Personal information
- Born: June 29, 1914 New York City, New York, U.S.
- Died: November 16, 1986 (aged 72) Euclid, Ohio, U.S.
- Listed height: 6 ft 1 in (1.85 m)
- Listed weight: 180 lb (82 kg)

Career information
- College: Ohio College of Chiropody
- Position: Guard

Career history

Playing
- 1944: Cleveland Chase Brassmen
- 1946–1947: Cleveland Rosenblums

Coaching
- 1943–1944: Cleveland Chase Brassmen
- 1959–1960: John Carroll

= Vito Kubilus =

American basketball player

Vito J. Kubilus (June 29, 1914 – November 16, 1986) was an American professional basketball player and coach.

==College career==
Kubilus played college basketball for Ohio College of Chiropody where he was named the captain for the 1935–36 season.

==Professional career==
He played in the National Basketball League for the Cleveland Chase Brassmen during the 1943–44 season and averaged 2.0 points per game. Hired as a player-coach, he had served as the team's head coach for the first two-thirds of the season before Bill Brownell took over the responsibility. Kubilus stayed on the team as a player.

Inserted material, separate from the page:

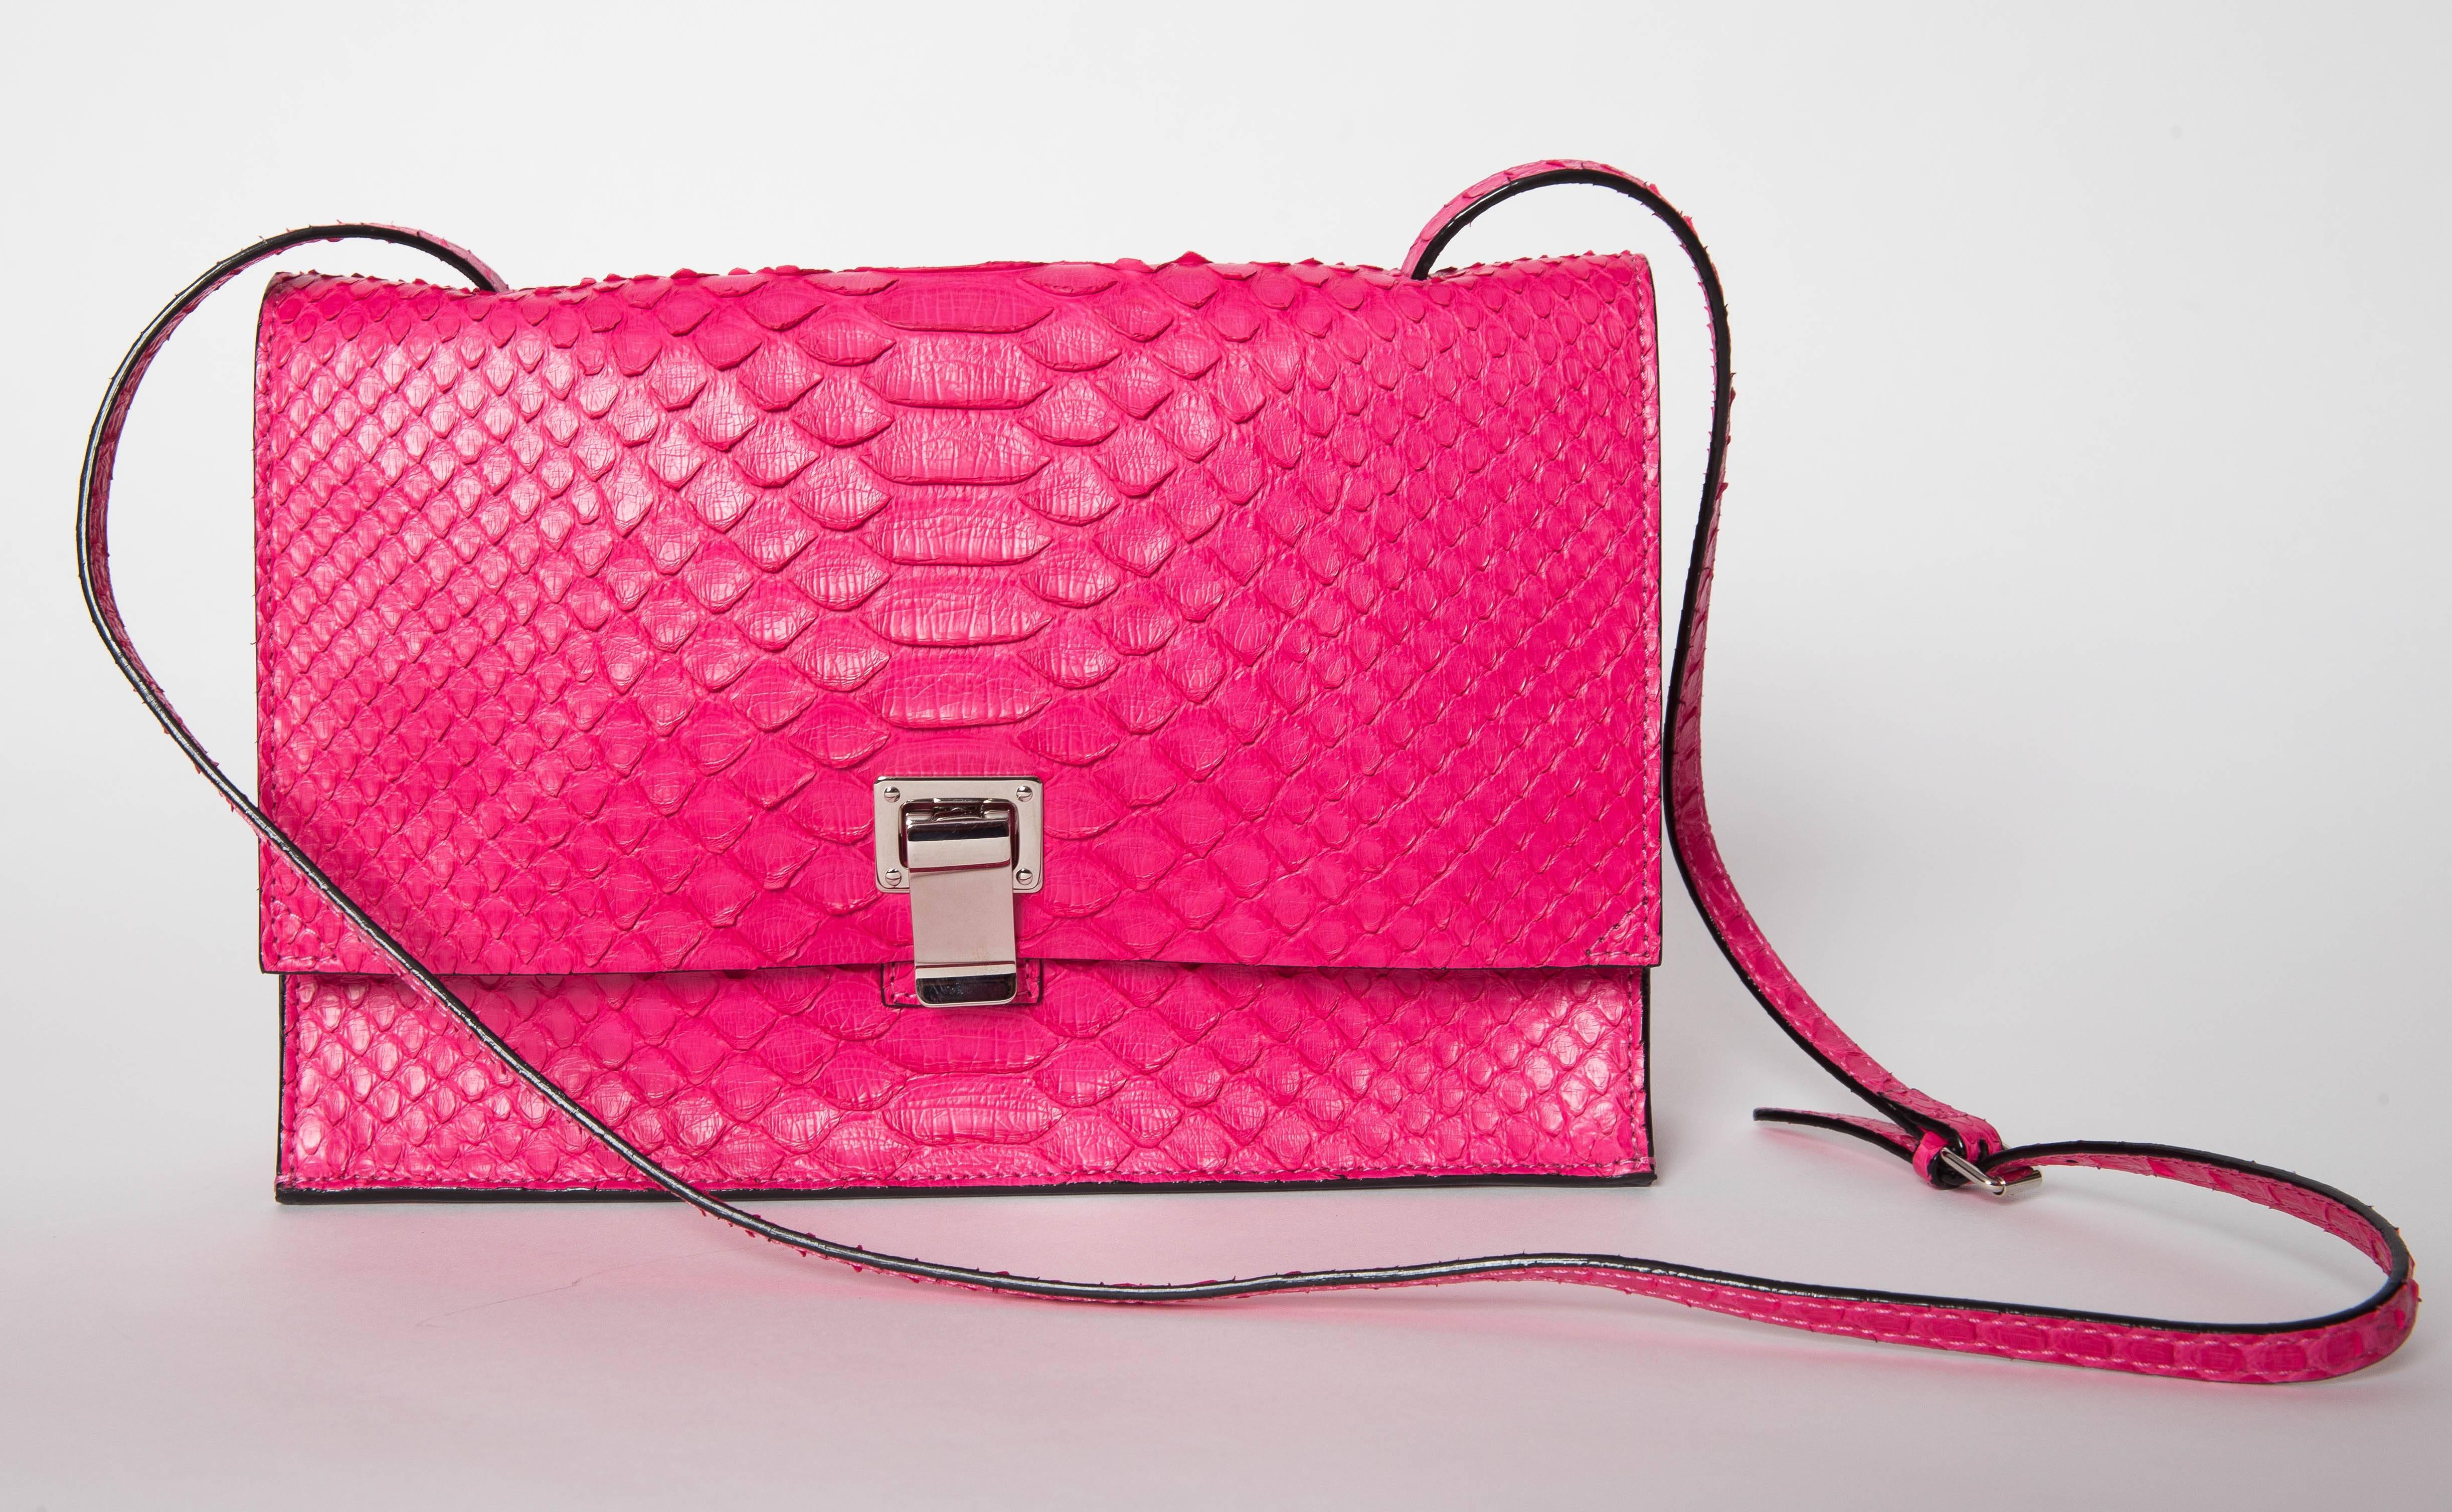 Proenza Schouler Hot Pink Python Shoulder Bag with Palladium Hardware For Sale 1

During the 1946–47 season, he was a player-coach for the Cleveland Rosenblums.

==Coaching career==
In 1959, Kubilus was appointed as the head coach at John Carroll University for one season. He led the school to its third straight title in the President's Athletic Conference. As he was hired on a part-time basis, due to his job as a wage and salary administrator for the Chase Brass and Copper Company, he was ineligible to continue for another season as PAC rules dictated that part-time coaches could only be hired for a single season.